How do you find the second derivative of parametric function?

Answer 1

Hint: In order to determine to determine the second derivative of parametric function or equations , we have to use the chain rule twice and with the help of the result obtained for first derivative , you will see that the second derivative is equal to division of the derivative with respect to $ t $ of the first derivative with the derivative of $ x $ with respect to t.

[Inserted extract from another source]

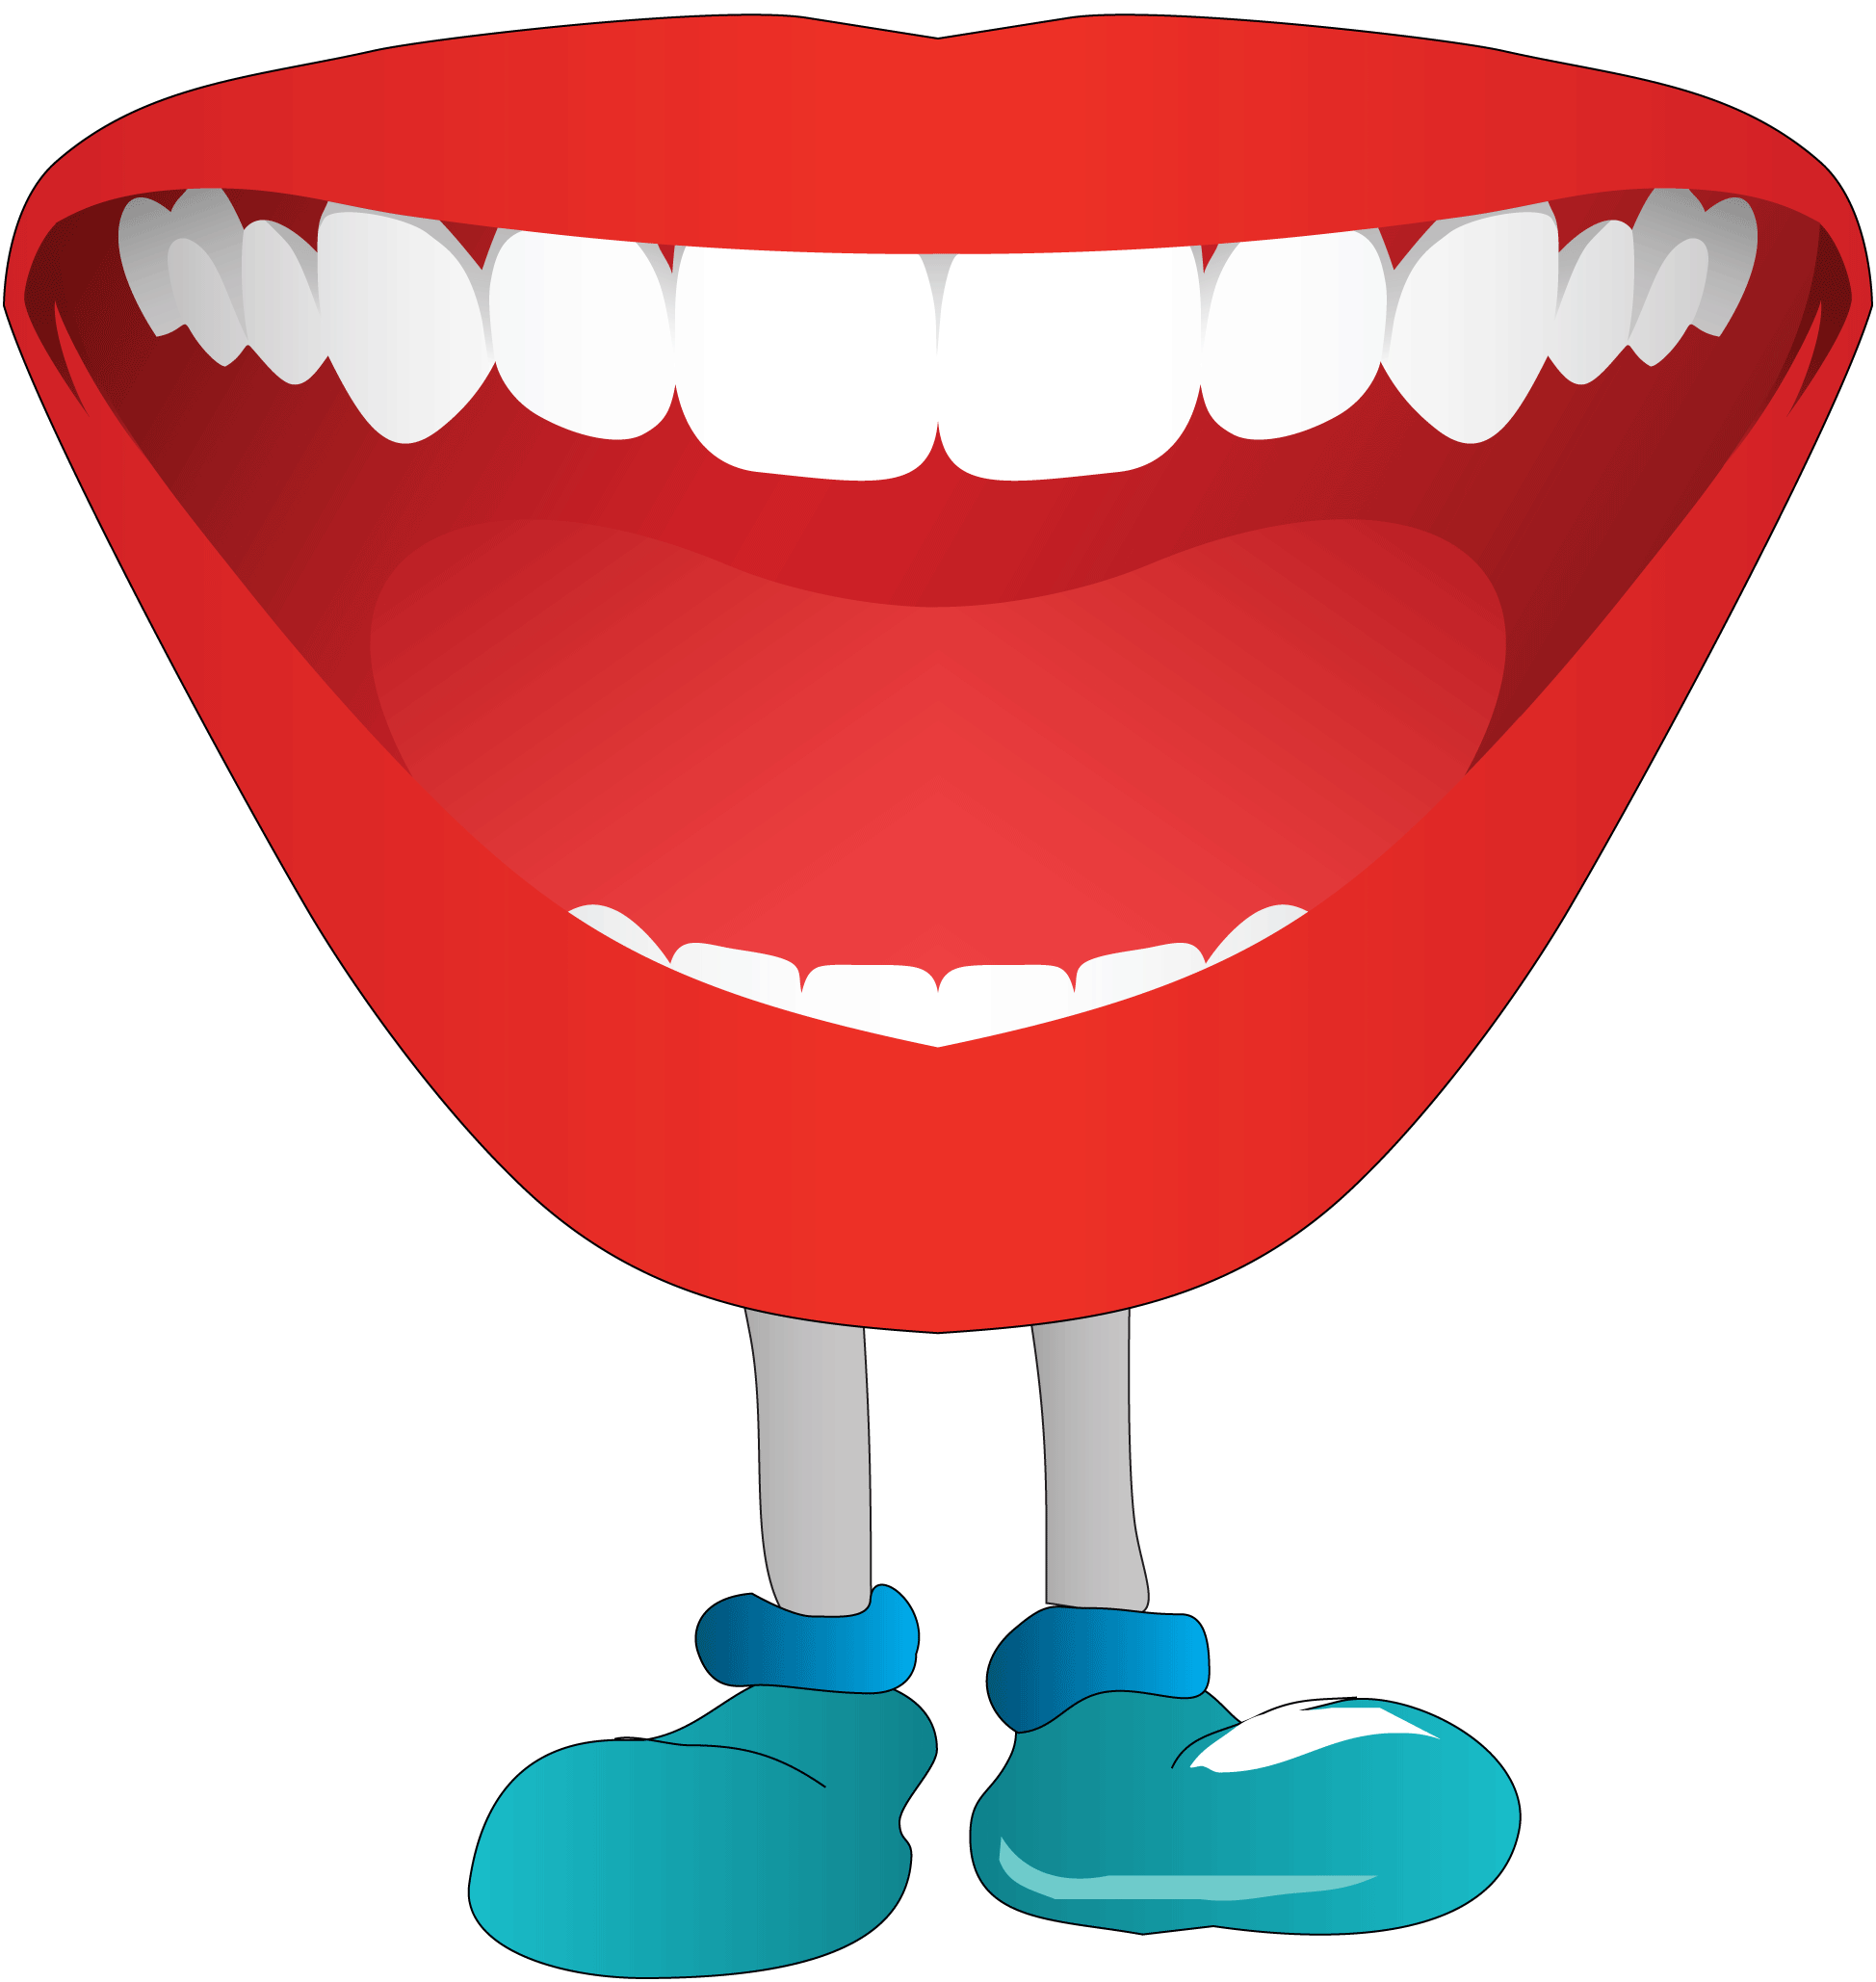 Images For Mouth Talking Cartoon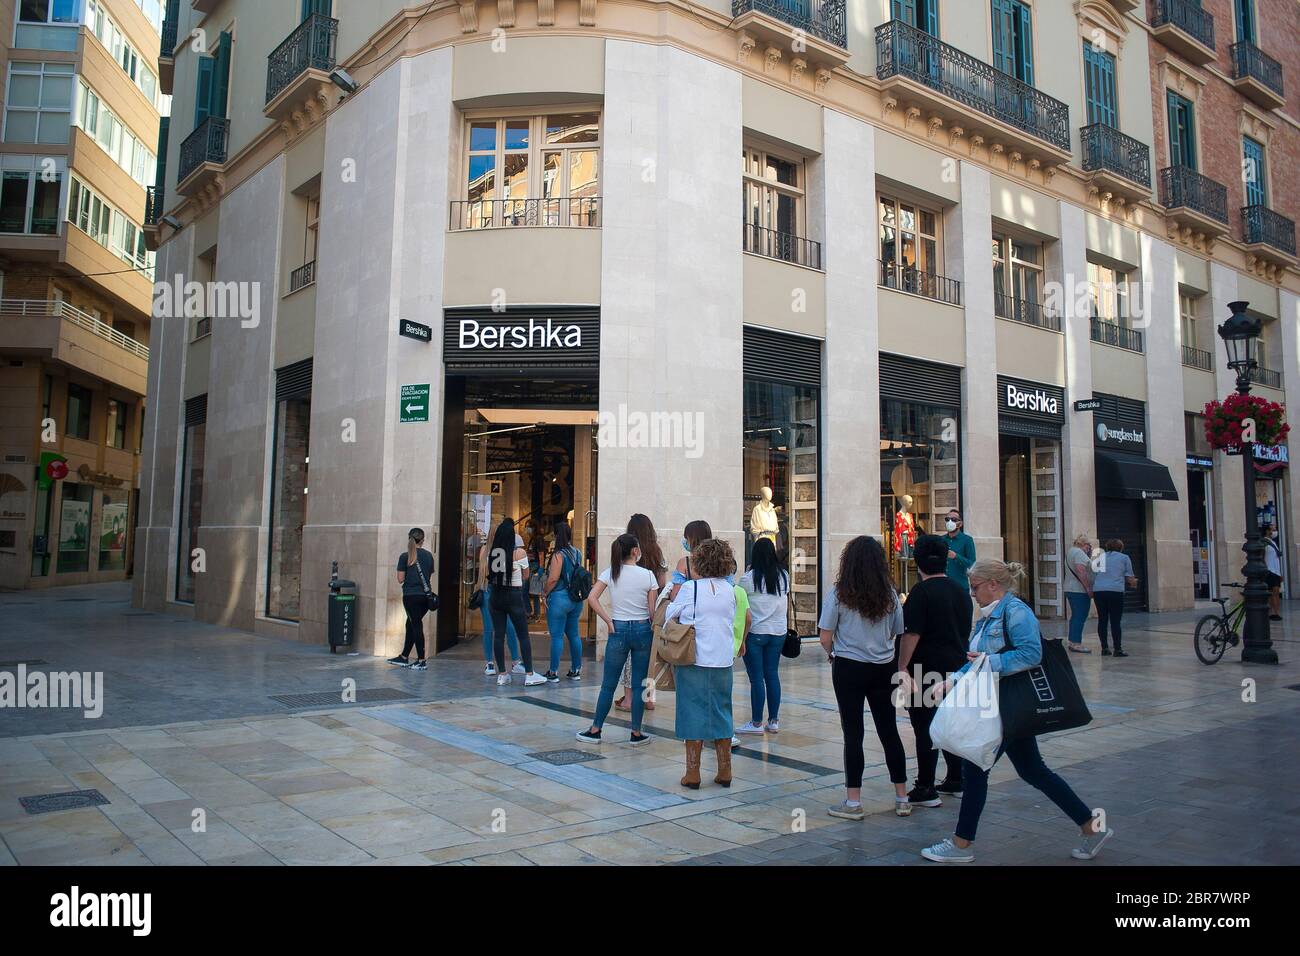 People wait in queue outside 'Bershka' clothing store at Marques de Larios  street during a nationwide partial lockdown. Spain is going through a plan  of down-scaling towards a "new normality" by relaxing

Complete step-by-step answer:
To find out the second derivative of a parametric function or equation lets understand what are parametric equations.
Parametric equations are equations in which the dependent variable of derivative i.e. $ x\,and\,y $ are dependent on some other independent third variable $ (t) $ .
 $ x = x\left( t \right) $ and $ y = y\left( t \right) $
Now the first derivative of dependent variable $ y $ with respect to the another dependent variable $ x $ comes to be
 $
  \dfrac{{dy}}{{dx}} = \dfrac{{\dfrac{{dy}}{{dt}}}}{{\dfrac{{dx}}{{dt}}}} \\
  \dfrac{{dy}}{{dx}} = \dfrac{{y'(t)}}{{x'(t)}} \;
  $
Here, $ \dfrac{{dx}}{{dt}} = x'(t) $ denotes the derivative of parametric equation $ x $ with respect to $ t $ and similarly $ \dfrac{{dy}}{{dt}} = y'(t) $ denotes the derivative of parametric equation $ y $ with respect to $ t $ .
Now to calculate the second derivative of parametric equations, we have to use the chain rule twice.
 $
  \dfrac{{{d^2}y}}{{d{x^2}}} = \dfrac{d}{{dx}}\left( {\dfrac{{dy}}{{dx}}} \right) = \dfrac{d}{{dx}}\left( {\dfrac{{\dfrac{{dy}}{{dt}}}}{{\dfrac{{dx}}{{dt}}}}} \right) \\
  \dfrac{{{d^2}y}}{{d{x^2}}} = \dfrac{d}{{dt}}\left( {\dfrac{{\dfrac{{dy}}{{dt}}}}{{\dfrac{{dx}}{{dt}}}}} \right)\dfrac{{dt}}{{dx}} \\
  \dfrac{{{d^2}y}}{{d{x^2}}} = \dfrac{{\dfrac{d}{{dt}}\left( {\dfrac{{\dfrac{{dy}}{{dt}}}}{{\dfrac{{dx}}{{dt}}}}} \right)}}{{\dfrac{{dx}}{{dt}}}} \;
  $
Therefore, to find out the second derivative of the parametric function, find out the derivative with respect to $ t $ of the first derivative and after that divide it by the derivative of $ x $ with respect to t.

Note: 1. Calculus consists of two important concepts one is differentiation and other is integration.
2.What is Differentiation?
It is a method by which we can find the derivative of the function .It is a process through which we can find the instantaneous rate of change in a function based on one of its variables.
Let y = f(x) be a function of x. So the rate of change of $ y $ per unit change in $ x $ is given by:
 $ \dfrac{{dy}}{{dx}} $ .
1.Don’t forget to cross-check your answer at least once.
2.Differentiation is basically the inverse of integration.
3. $ x $ and $ y $ are the dependent variables of the derivative and both $ x $ and $ y $ are dependent on some independent variable $ t $ .